The University of Akron expects to dip into its reserve funds for $11.5 million for the 2019-2020 school year, according to the budget passed by the board of trustees Wednesday.

The budget includes $19 million less in expenditures than the original 2018-2019 budget, including $14 million less in personnel costs as a result of decisions not to rehire for some operational positions that were open.

“In all candor, this is a challenging budget characterized by tough choices,” interim President John Green said.

No current staff will be cut. About 80 positions were open that will not be filled, although the university has hired staff in other areas where programs are expanding.

Tuition, as previously announced, will increase by 1.5% for incoming freshman students who participate in the four-year tuition rate guarantee program.

Unionized staff will receive a previously guaranteed 4% raise. The trustees also approved an additional 2% raise for nonunion employees.

The budget assumes a decrease in enrollment of 4% for the fall.

The university anticipates bringing in $16 million more that it will spend out of the general fund, which pays for faculty and academic programs.

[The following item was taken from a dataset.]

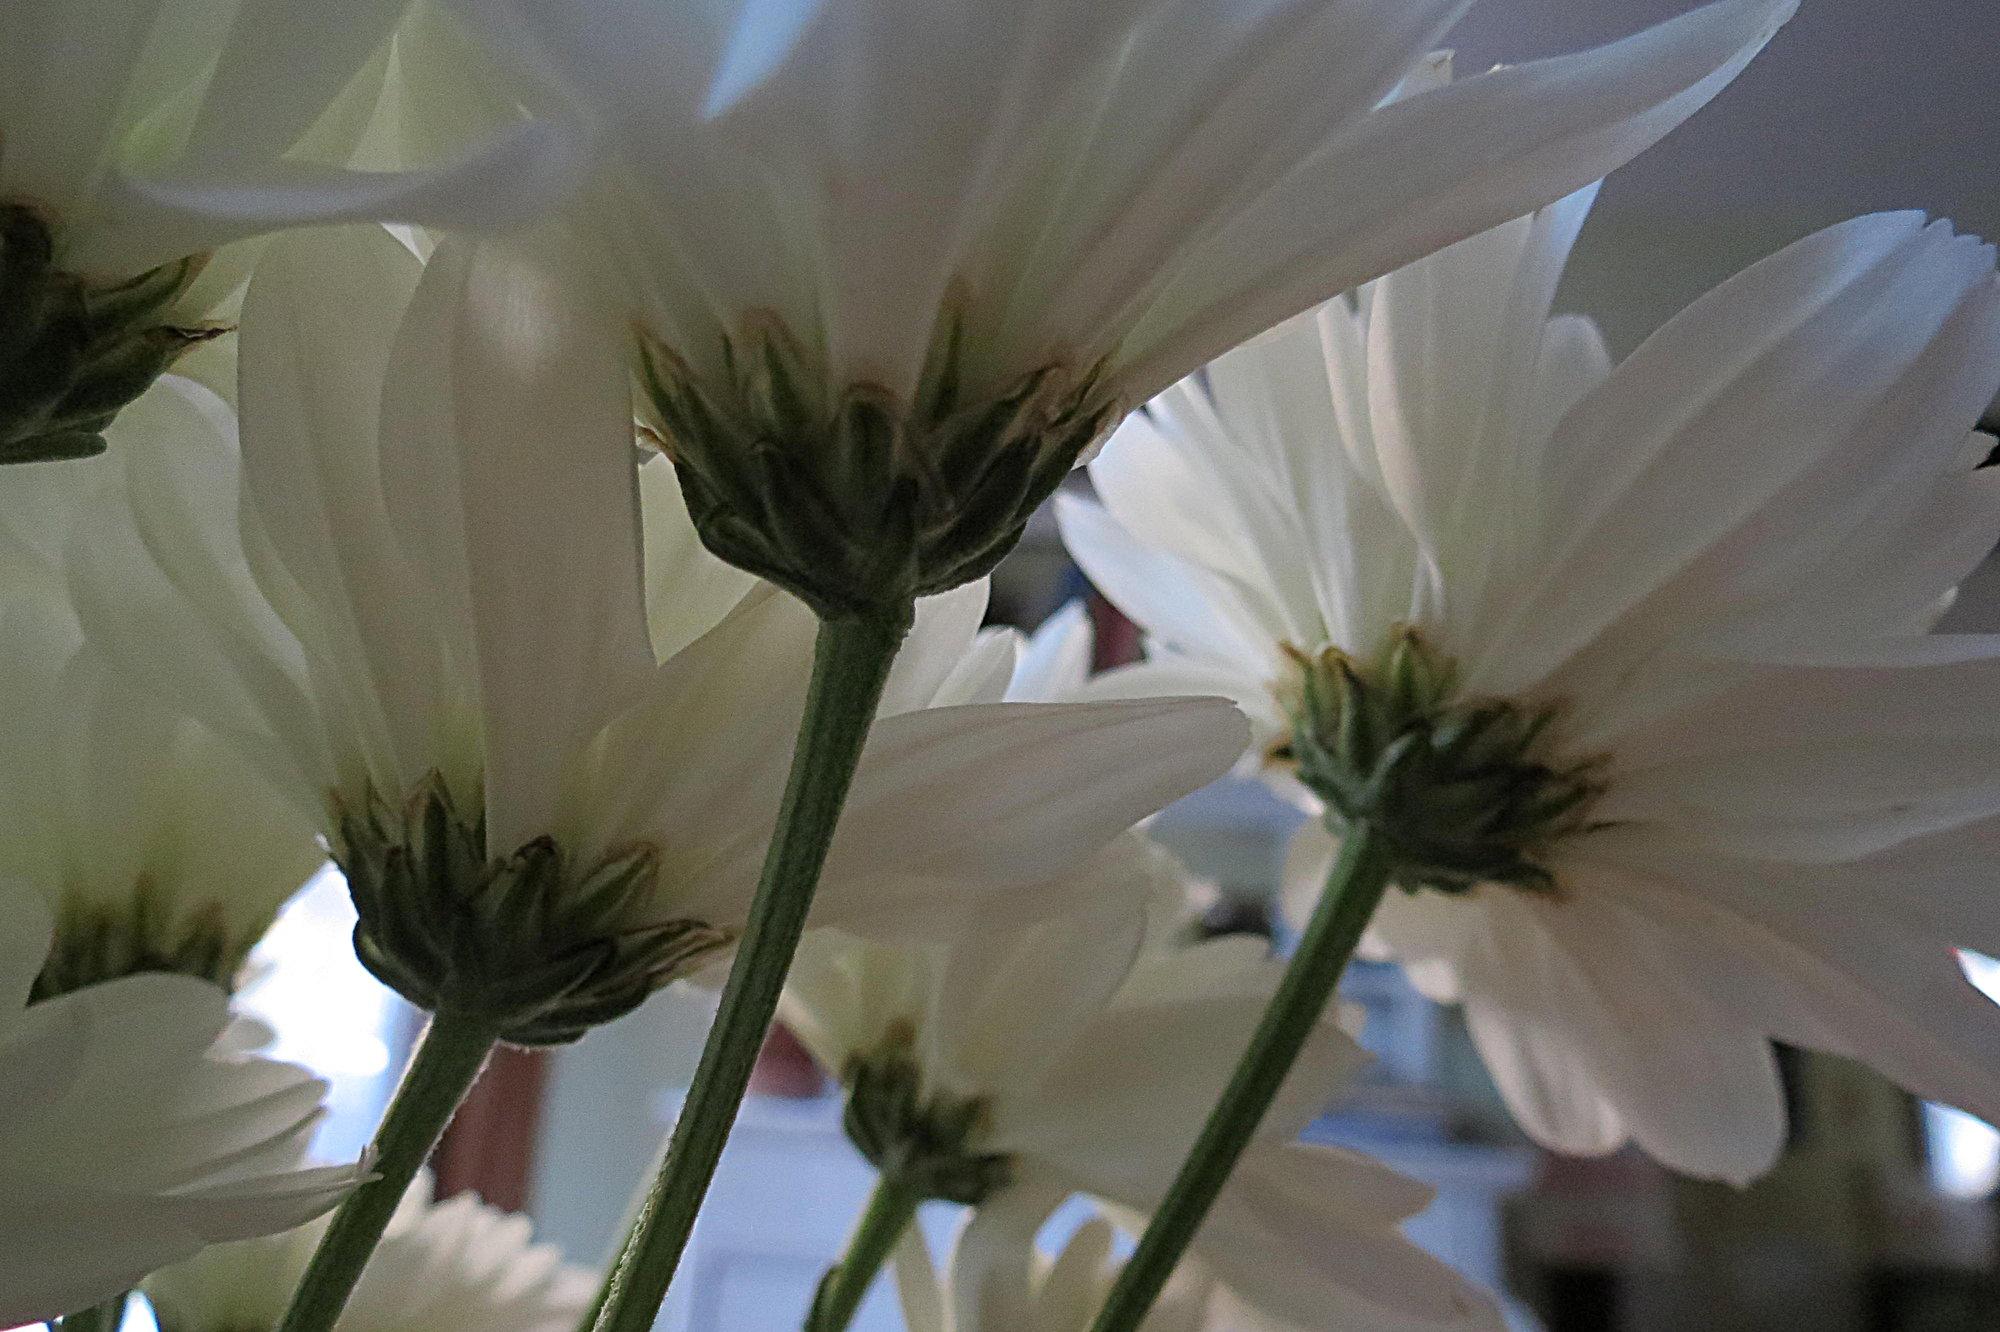 Cómo canalizar una flor mullida de crema de mantequilla - soy panadero

But other departments, like the student union and athletics, are heavily subsidized by the general fund, resulting in the need to dip into savings to close the gap.

Each of those departments, except for athletics, were instructed to find ways to cut their general fund subsidies by 7%, Chief Financial Officer Nathan Mortimer said. Some departments chose to make cuts, while others pledged increases in revenue.

Athletics cut about $500,000 in operational costs and predicted another $500,000 in increased revenue from ticket sales. The department is expected to cut its reliance on the university's general fund by $8 million over the next three years, Mortimer told trustees in committee meetings last week.

University leaders initially anticipated a $16 million dip into savings for this fiscal year, but revised that estimate to $4 million in April.

It's possible the same could happen again, Mortimer said. The reserve fund currently has roughly $70 million of easily accessible money, which Mortimer said is “plenty.”

Targeted investments in areas of strong programming, like STEM degrees, are going to be key to the university recruiting more students and reversing enrollment trends, Mortimer said.

“We've got to focus on the revenue side of the equation,” he said.